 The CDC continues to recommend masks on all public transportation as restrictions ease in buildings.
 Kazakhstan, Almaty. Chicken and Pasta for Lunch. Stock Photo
□ □ □ □
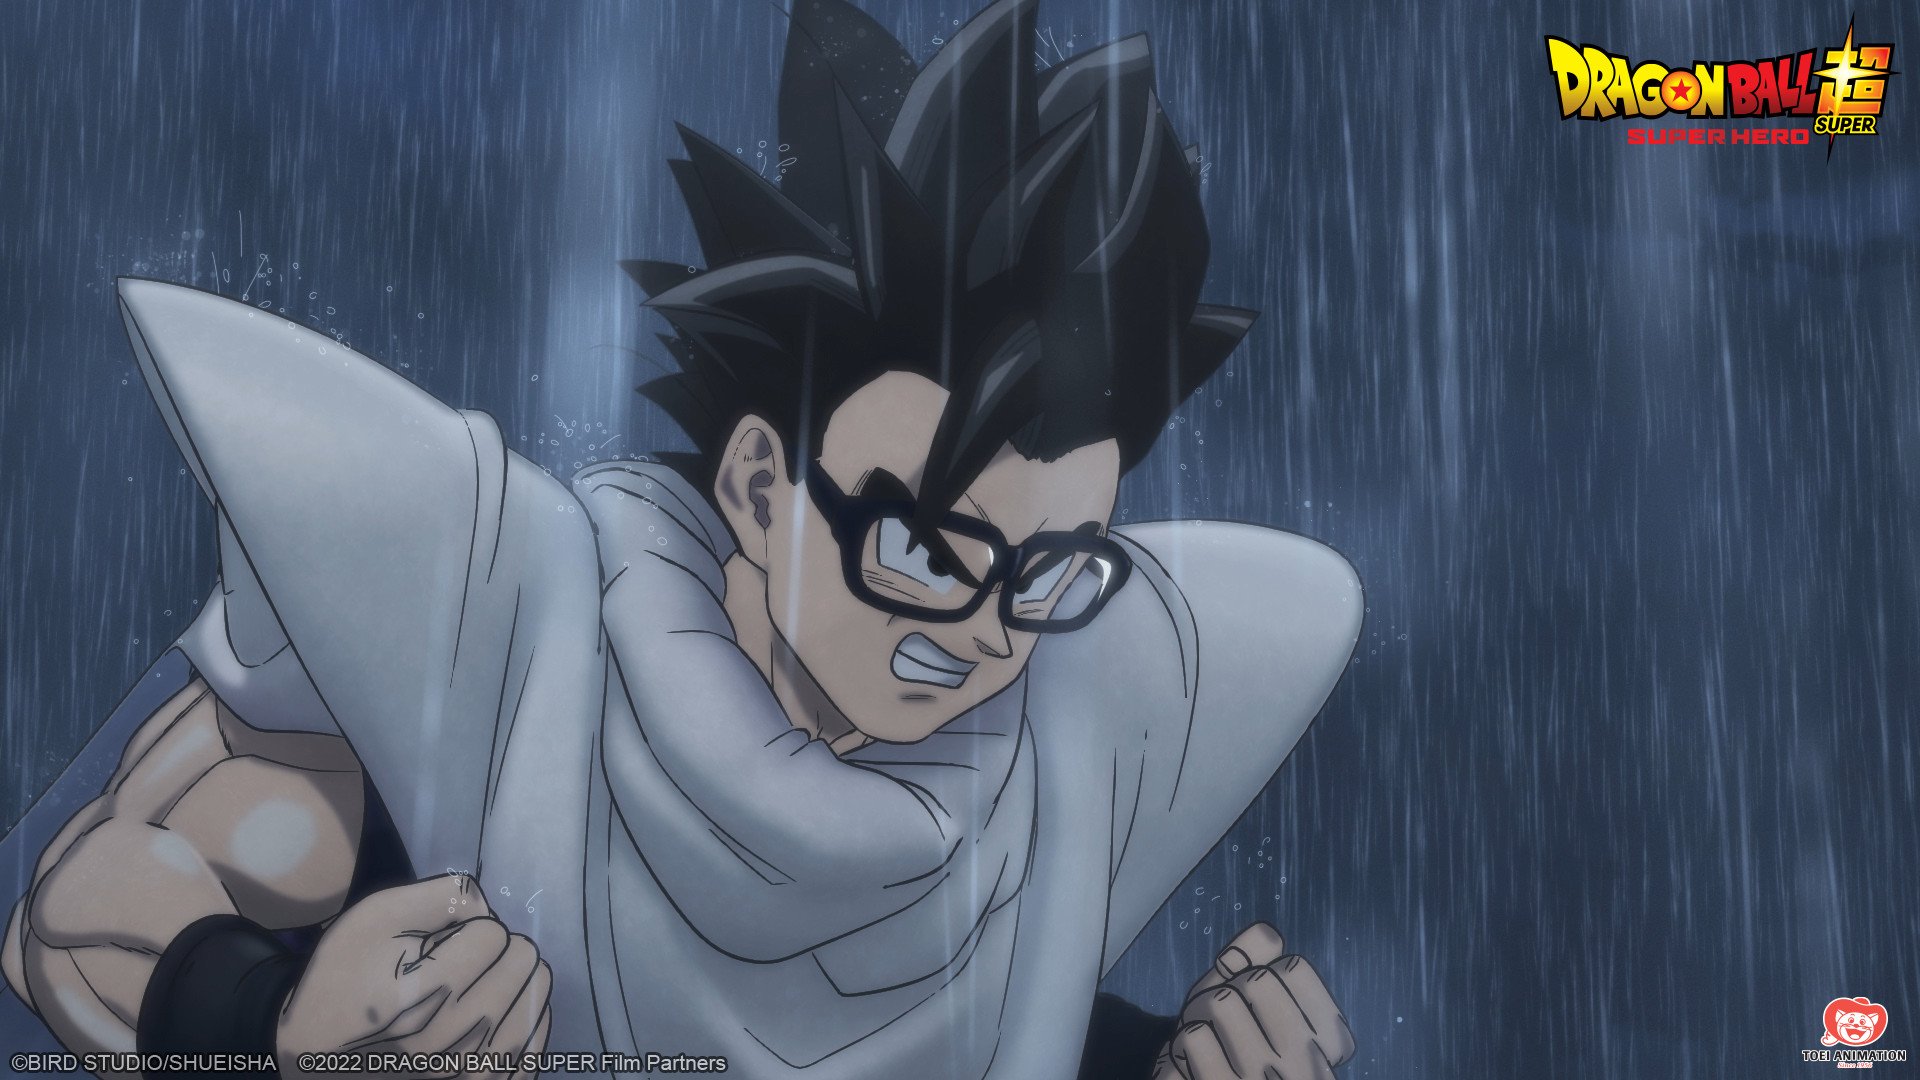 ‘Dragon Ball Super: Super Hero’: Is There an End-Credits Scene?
□ □ □ □
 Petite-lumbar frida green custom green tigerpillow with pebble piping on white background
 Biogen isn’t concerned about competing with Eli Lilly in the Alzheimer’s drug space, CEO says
□ □ □ □
**Exercise:**
Once you find the line with "Petite-lumbar frida green" in the entries above, output it and each line after it up to and including the line with "Biogen isn’t concerned", and nothing else.

**Finished task:**
 Petite-lumbar frida green custom green tigerpillow with pebble piping on white background
 Biogen isn’t concerned about competing with Eli Lilly in the Alzheimer’s drug space, CEO says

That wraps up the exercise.